Microsoft is adding another piece to the software-defined data center puzzle for cloud providers.
During this week’s Open Compute Project (OCP) U.S. Summit in San Jose, Calif., Microsoft unveiled a new set of open-source software components for switches and other networking devices dubbed Software for Open Networking in the Cloud, or SONiC for short. Built with the help of Arista, Broadcom, Dell and Mellanox, the software giant announced it had submitted the technology to the OCP.
Founded by Facebook, the OCP promotes open-source data center system designs and specifications, with an eye toward scalability and efficiency. Today, the effort is backed by many of the world’s biggest technology and communications companies, including AT&T, Google, Intel and, of course, Microsoft.
SONiC is Microsoft’s stab at popularizing software-defined networking (SDN) among cloud data center companies.
“Together with SAI [Switch Abstraction Interface], SONiC will enable cloud operators to take advantage of hardware innovation while giving them a framework to build upon an open source code for apps on the network switch and gain the ability to integrate with multiple platforms,” blogged Mark Russinovich, chief technology officer at Microsoft Azure. “In short, we believe it’s the final piece of the puzzle in delivering a fully open sourced switch platform that can share the same software stack across hardware from multiple switch vendors.”
SAI is an OCP specification championed by Dell, Big Switch Networks, Mellanox and Microsoft that enables interoperability across network operating systems via a common API interface. SAI was presented at last year’s OCP Summit.
The SONiC acronym is fitting, added Russinovich.

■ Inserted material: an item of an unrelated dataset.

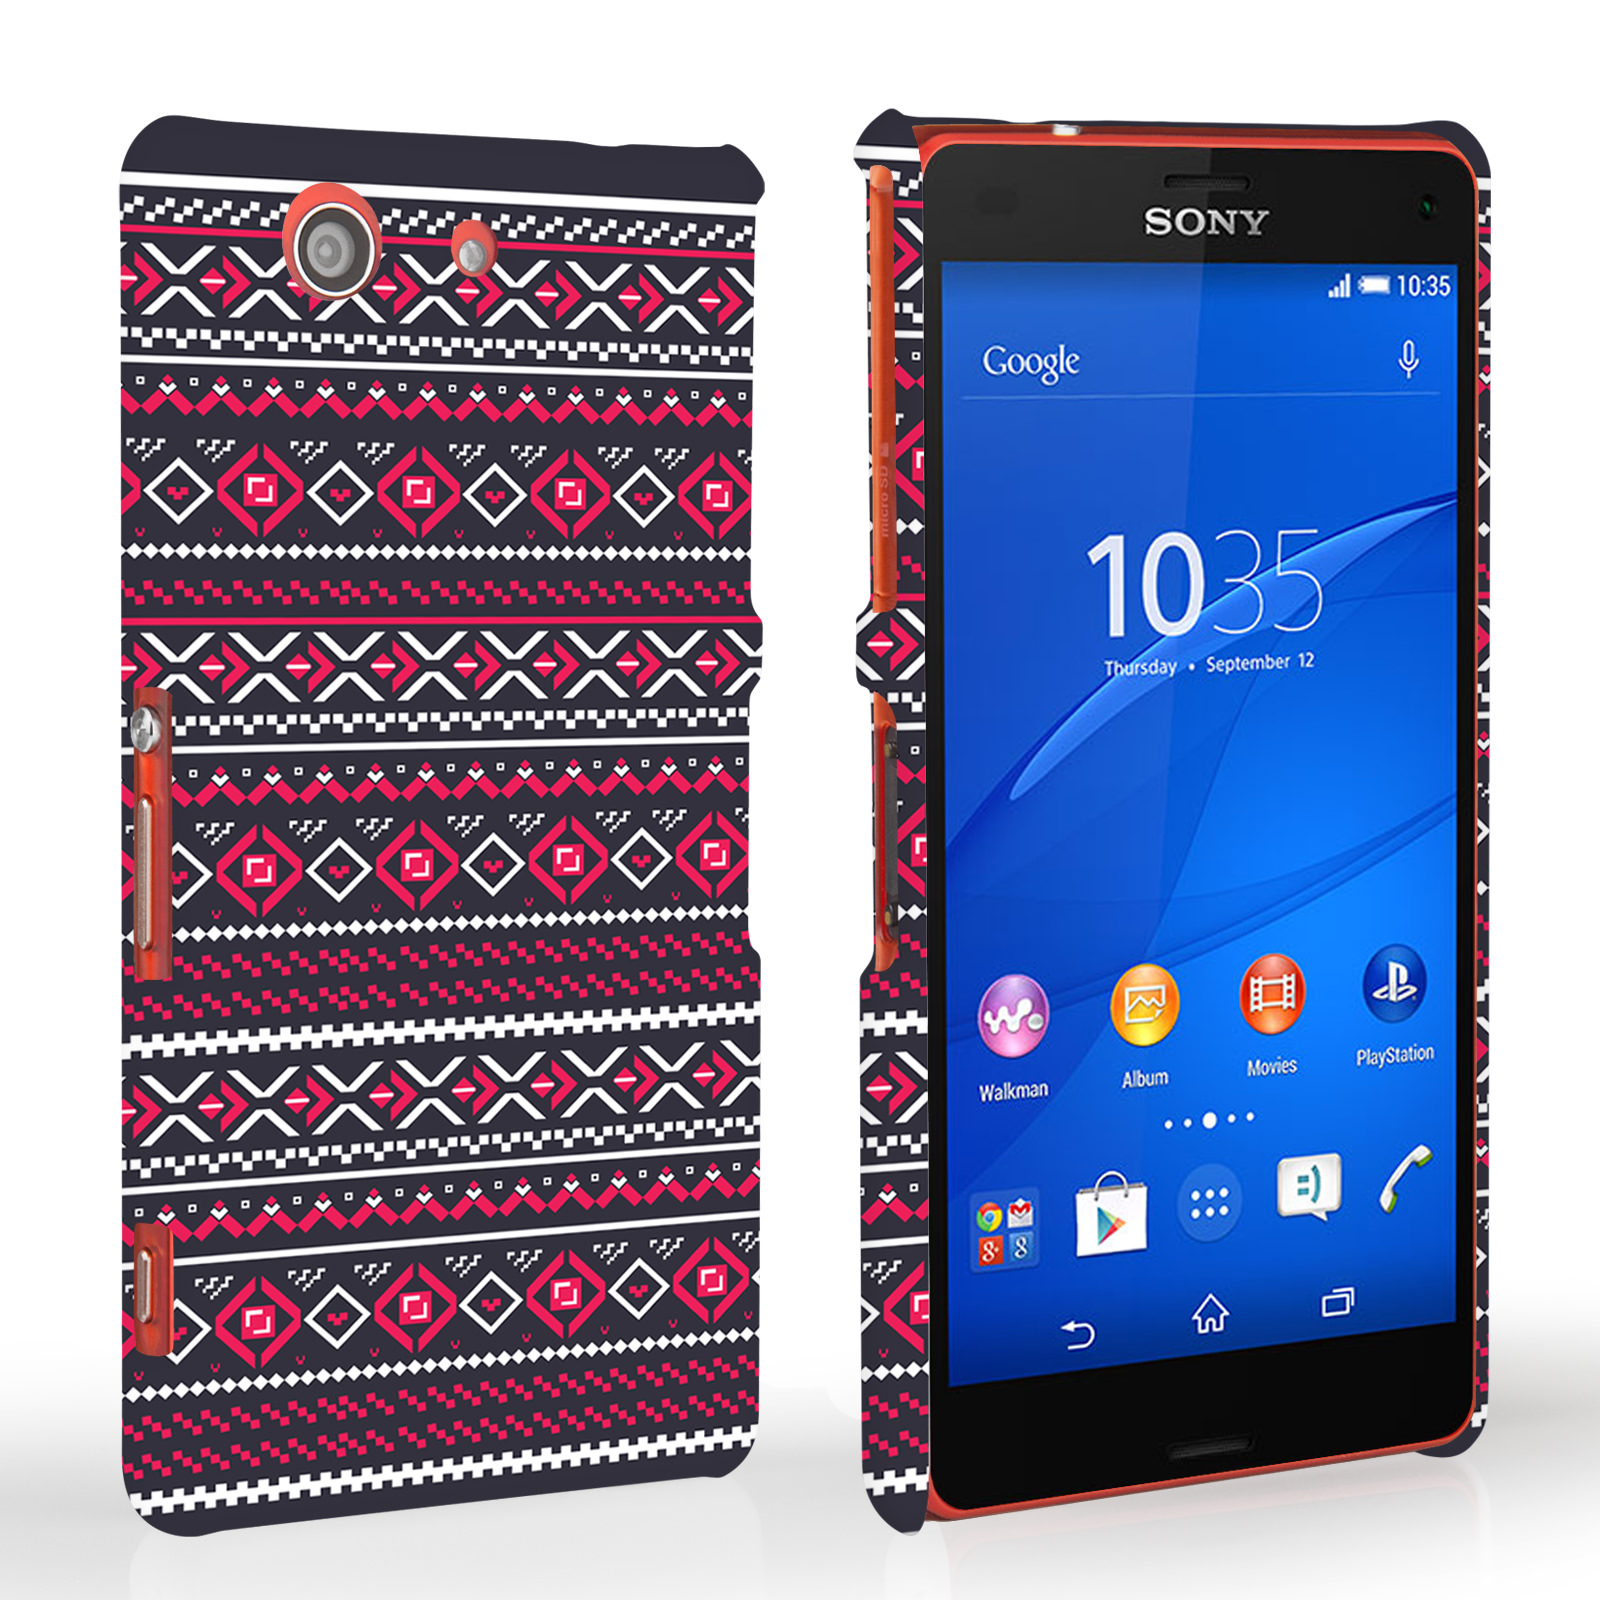 Caseflex Sony Xperia Z3 Compact Fairisle Case – Grey with Red Background

Apart from being designed with “cloud speed and scale” in mind, SONiC is extensible, allowing organizations to quickly add functionality from other open-source projects or proprietary software vendors, enabling them to improve data center efficiency.
The Redmond, Wash., tech titan’s contributions to the OCP isn’t limited to software.

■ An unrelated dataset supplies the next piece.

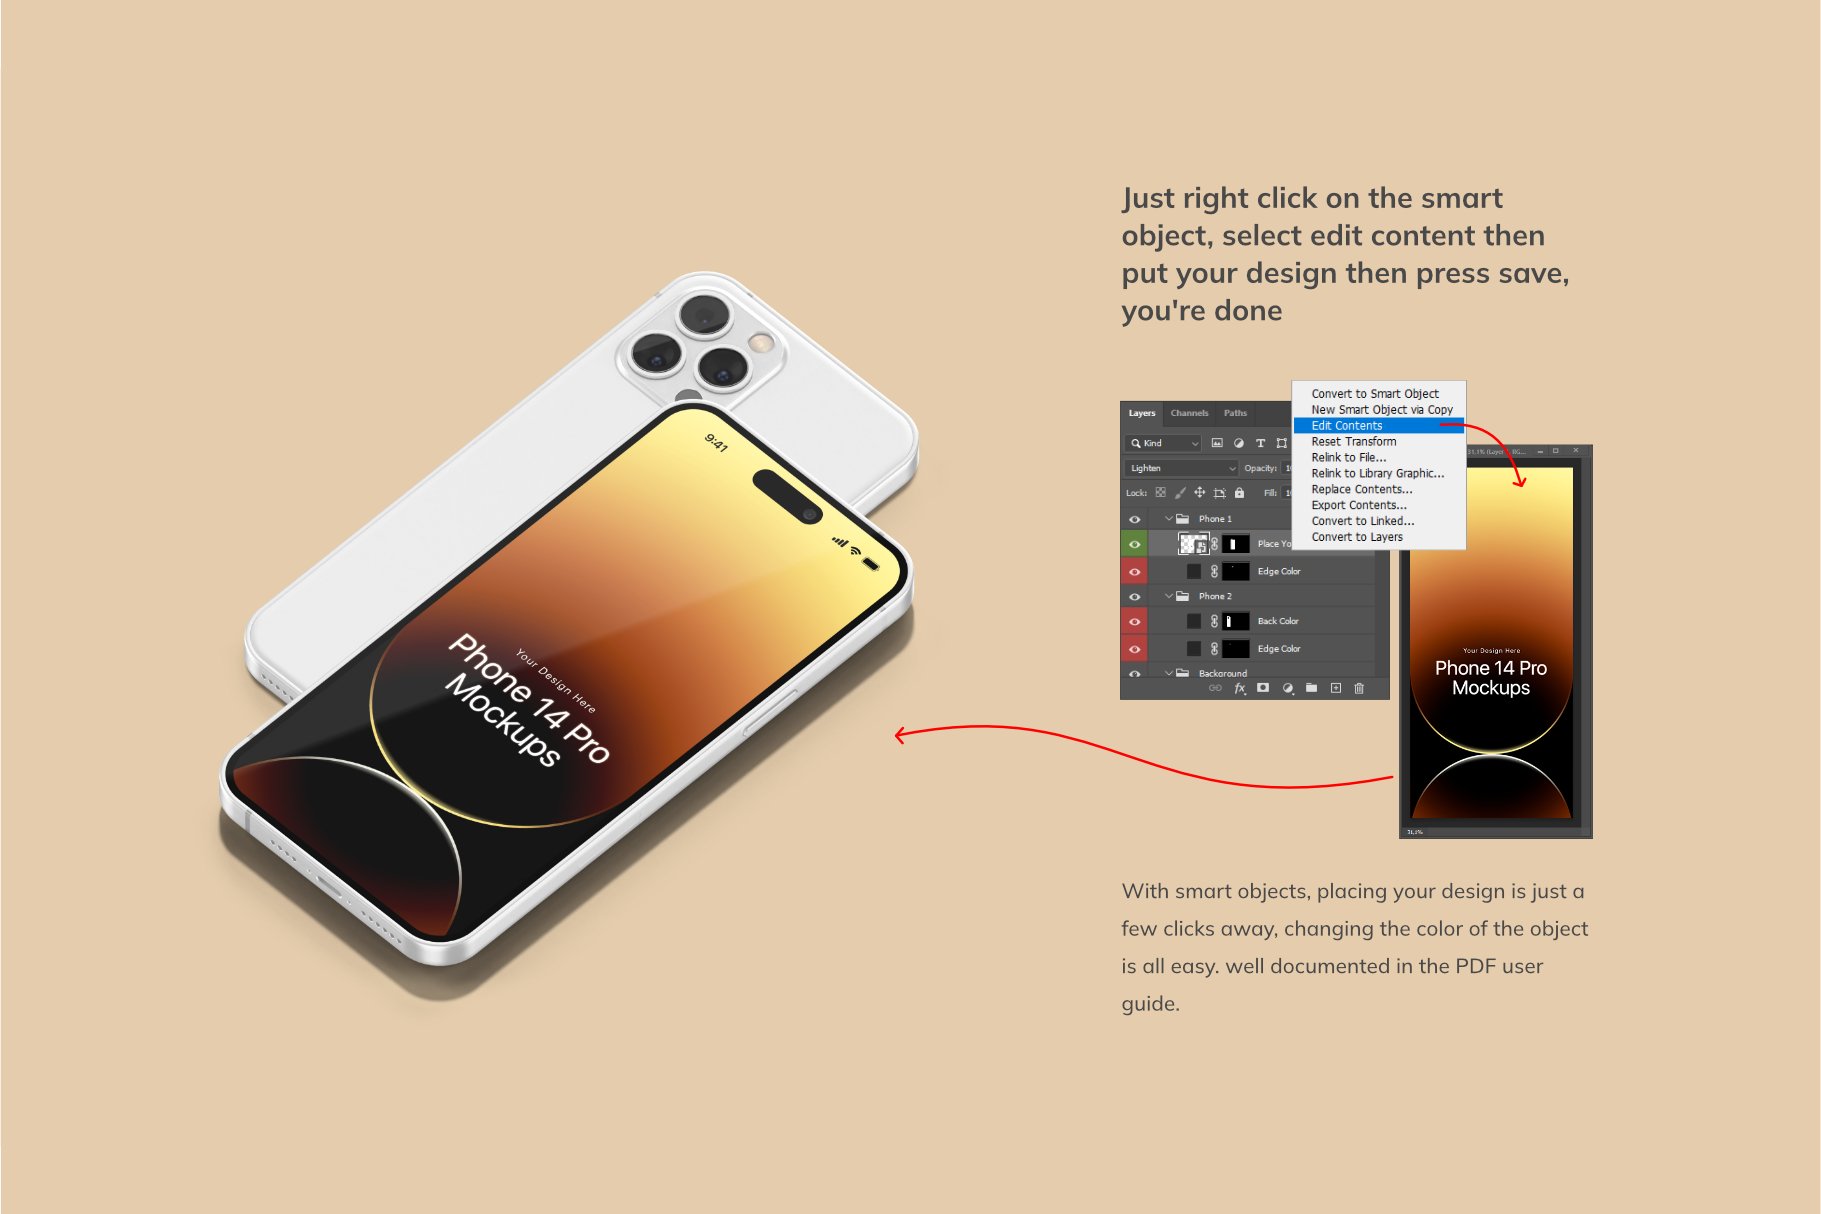 Phone 14 Pro Mockups preview image.

In 2014, Microsoft offered its Open CloudServer specification (OCS), inspired by the energy-efficient server and data center designs the company uses in its own Azure cloud. Microsoft followed up last year with OCS v2 and the Local Energy Storage (LES) spec, the latter of which uses a distributed approach to uninterruptible power supplies (UPS) that help keep servers running in the event of a power outage.
Microsoft isn’t the only IT heavyweight making waves at this year’s OCP Summit.

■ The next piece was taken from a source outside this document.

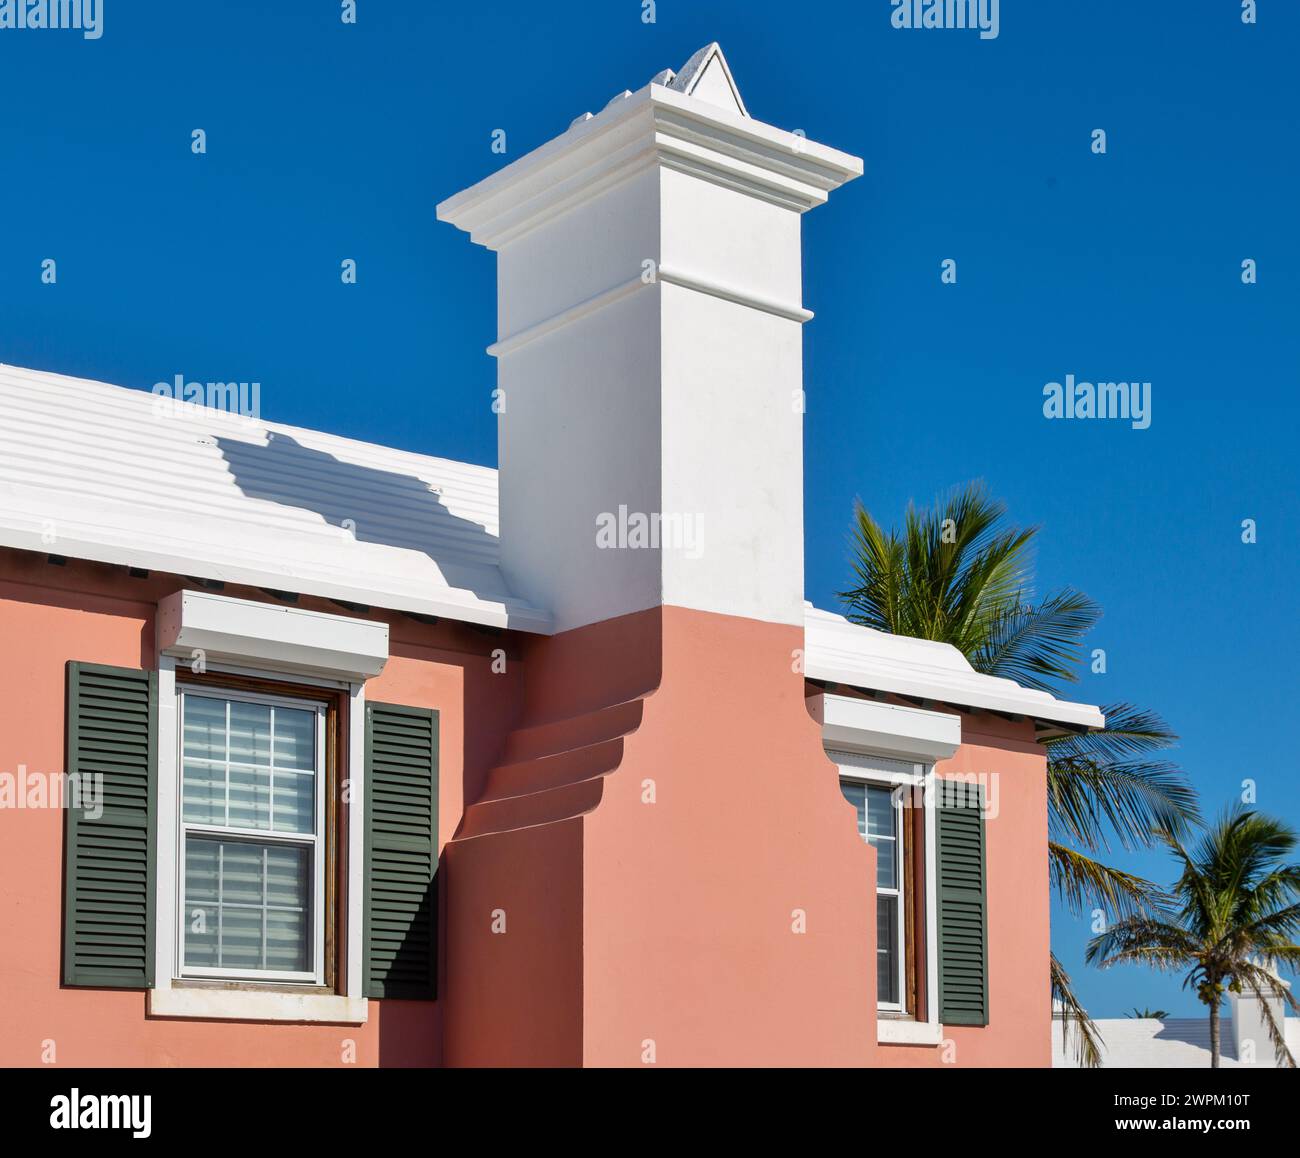 Typical Bermuda architecture, building painted in pastel colours, with white stepped roof designed to catch rainwater for storage in underground tanks Stock Photo

Google announced the search giant intended to submit a new data center rack specification. The internally developed design features a new form factor and a 48V rack power distribution unit. Used with high-performance systems, the 48V power distribution system is 30 percent more efficient than 12V rack architecture, according to John Zipfel, a Google technical program manager.
Google began work on 48V power distribution in 2010 after noticing the increased power draw of high-performance computing (HPC) server components, including processors and graphical processing units (GPU).